House design resolves challenges of tricky access and a steep and awkwardly shaped site

Multi-level sandstone home includes top-floor glazed living pavilion with expansive terrace to capture spectacular city and harbour views

With the look of an elegant Japanese teahouse estate, home, house, property, real estate, resort, swimming pool, villa, blue
With the look of an elegant Japanese teahouse perched on high, the top-floor living, dining and kitchen space is all glass and slender fenestrations on this, the scenic side of the home. A pool, sandstone-topped firepit and an outdoor cooking area all feature on the sprawling terrace which takes up almost half of this roof level. There is also a sizeable lawn beyond the pool at the back of the residence.

Designed by designer James Cooper of Sanctum Design

A steep, narrow site with poor access is not always the ideal starting point for a new build – however, out of adversity can come great things.

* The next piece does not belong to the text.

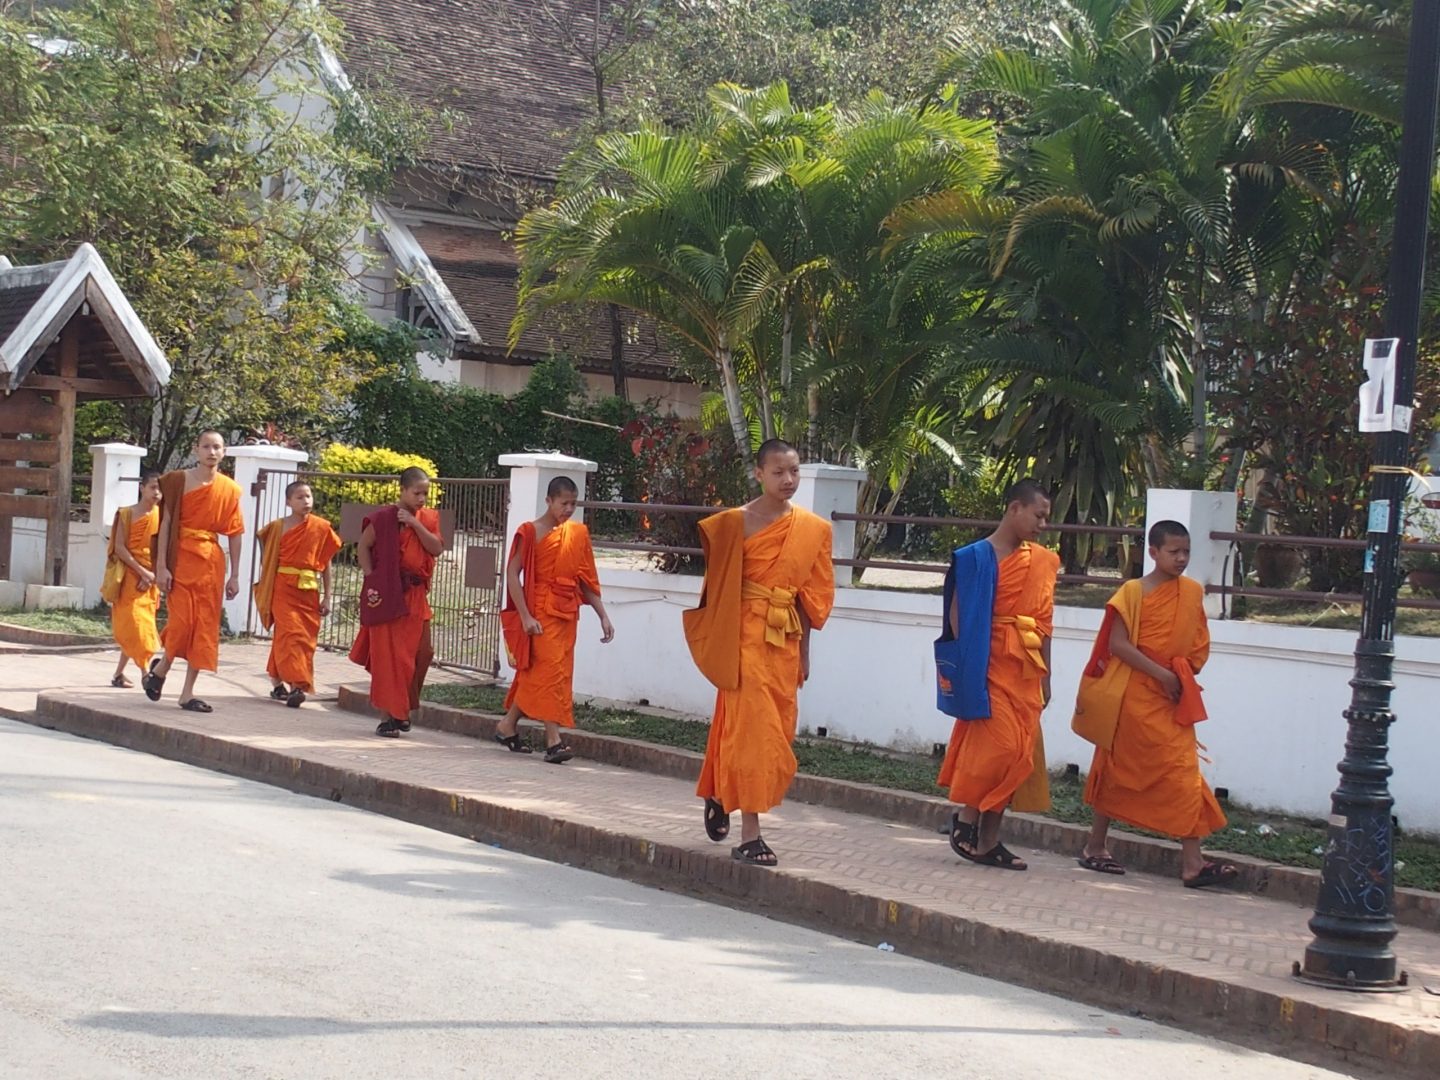 Départ des moines pour les cours Luang Prabang Laos

This site is part of a battle axe allotment situated on Sydney’s Balmoral slopes, offering views over beaches and the harbour headlands, says designer James Cooper of Sanctum Design.

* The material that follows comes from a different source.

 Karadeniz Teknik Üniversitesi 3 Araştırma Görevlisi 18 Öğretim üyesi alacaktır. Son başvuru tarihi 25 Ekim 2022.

“The design had to maximise the sweeping views and resolve the difficult access created by the battle axe-shaped site. At the same time, the home had to appeal to a family with teenagers, maximise the recreational potential of the land, and reflect a luxurious treatment throughout.”

The site’s steep nature imposed a limiting building footprint to achieve the required floor space of around 365m² for the new home.

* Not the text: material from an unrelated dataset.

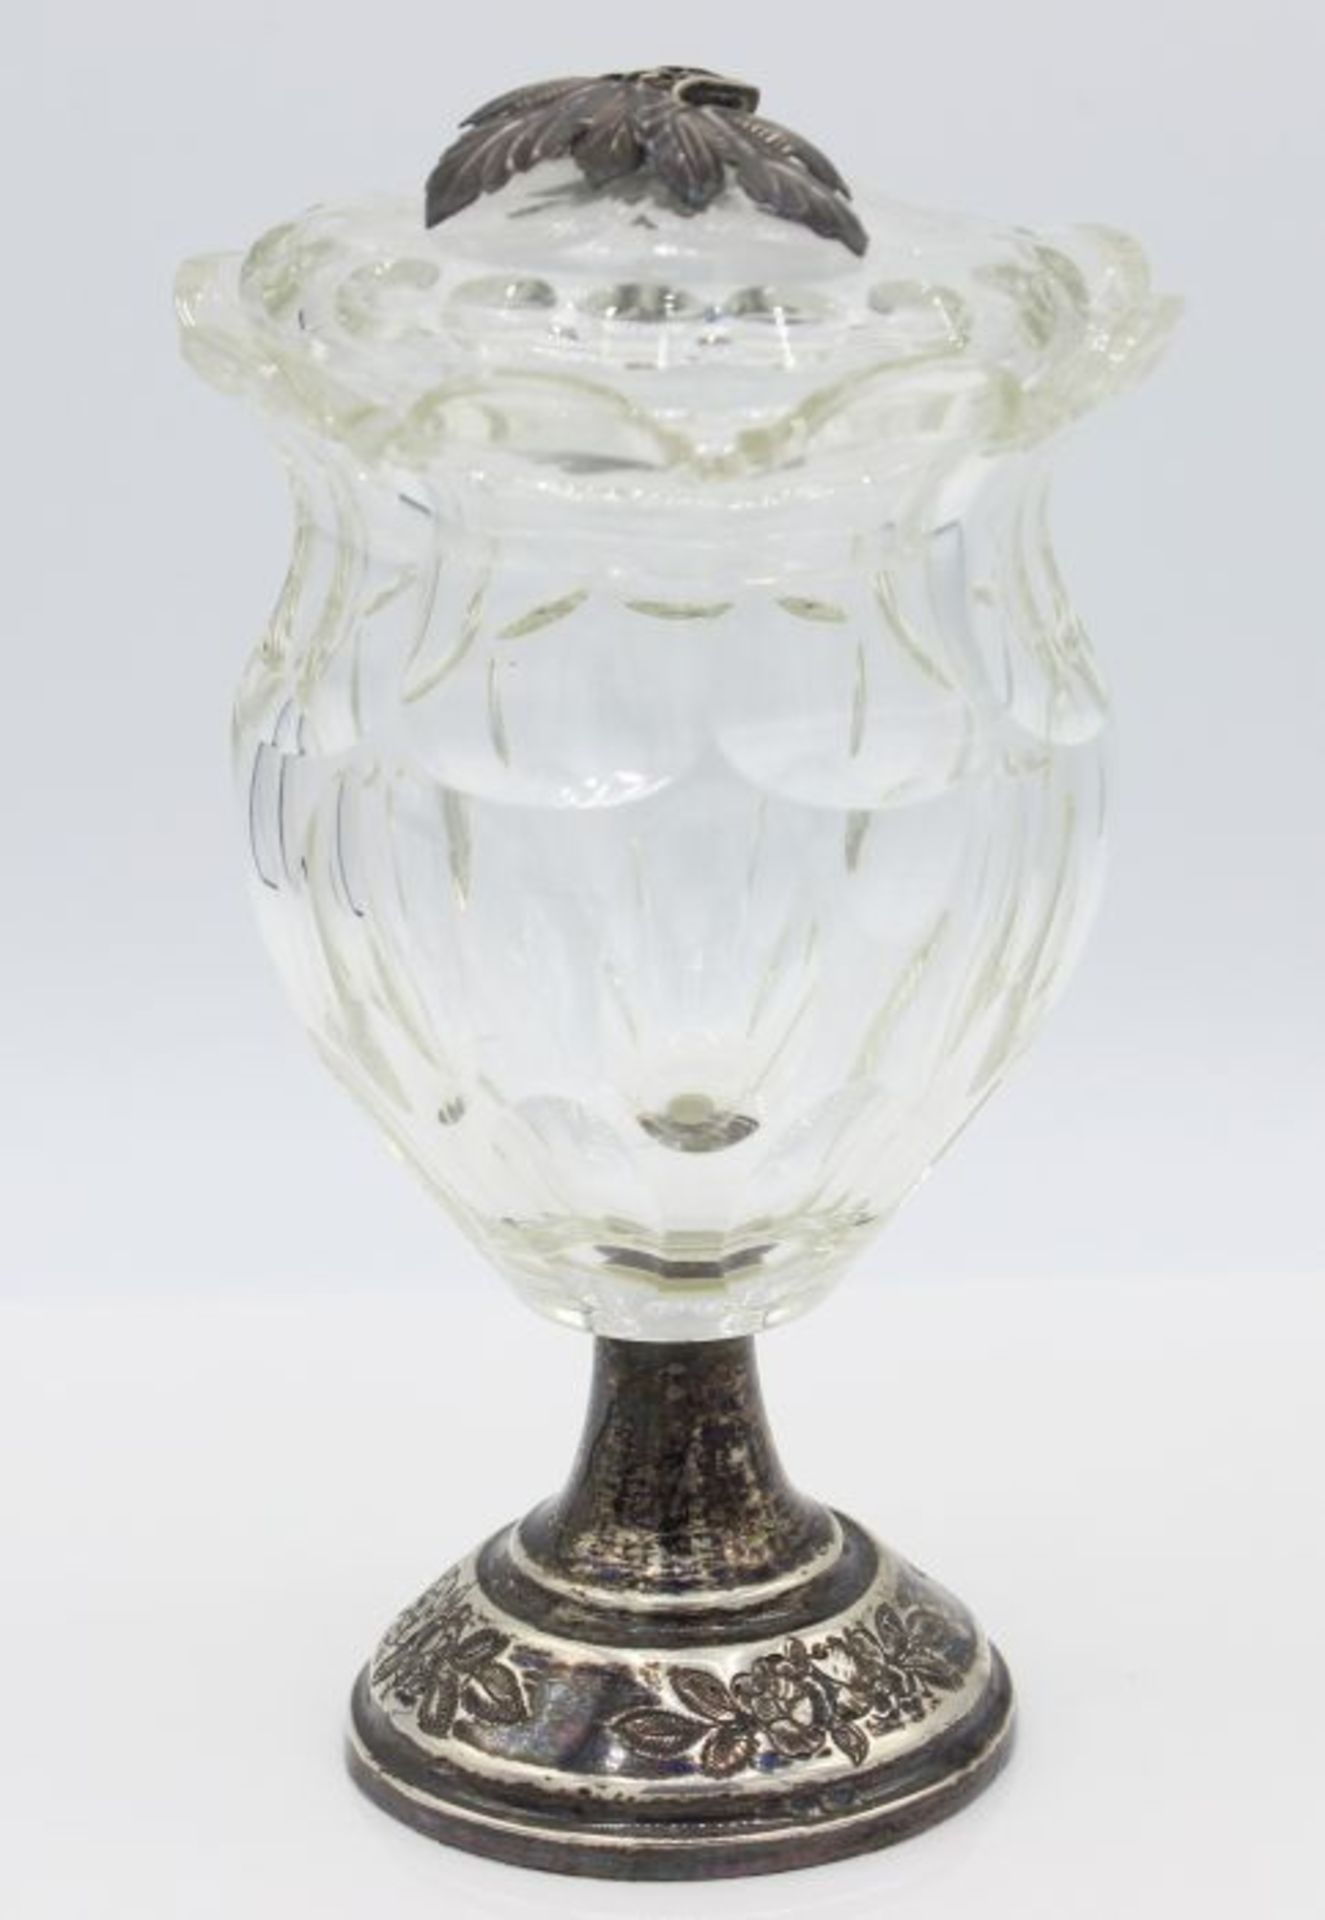 Kleiner Deckelpokal farbloses Glas mit Ovalschliff, runder getreppter, silberner Fuß mit floralem

“First, we resolved the tricky site entry and egress by a car turntable set within a large entry courtyard,” says Cooper. “This saves on turning space and allows visitors and occupants to  always exit the property in a forward direction.”

Also responding to the steep lie of the land, Sanctum opted for a stepped house form.

“Essentially, we created the home as a series of horizontal layers to assist in reducing its bulk and to settle the design into the landscape.”

“The shape of the house has its architectural precedents, too, with its vertical form inspired by the work of mid-century Sydney modernists such as Bruce Rickard, Russell Jack and Peter Muller,” says the designer. “This home emulates their  soaring cantilevered roof planes and solid anchoring plinths that, together, support a lightweight living pavilion – elements that provide balance and yet lightness upon the steep site.”

To this end, the home presents as a floating wedge of sandstone, capped with a lightweight modernist pavilion, which belies its solid concrete superstructure anchored deep in the earth.

The home dovetails with its setting in terms of materiality as well. Its C-shaped facade is finished in fine-sawn Sydney sandstone, which pays homage to the grand sandstone mansions of yesteryear which grace the neighbourhood.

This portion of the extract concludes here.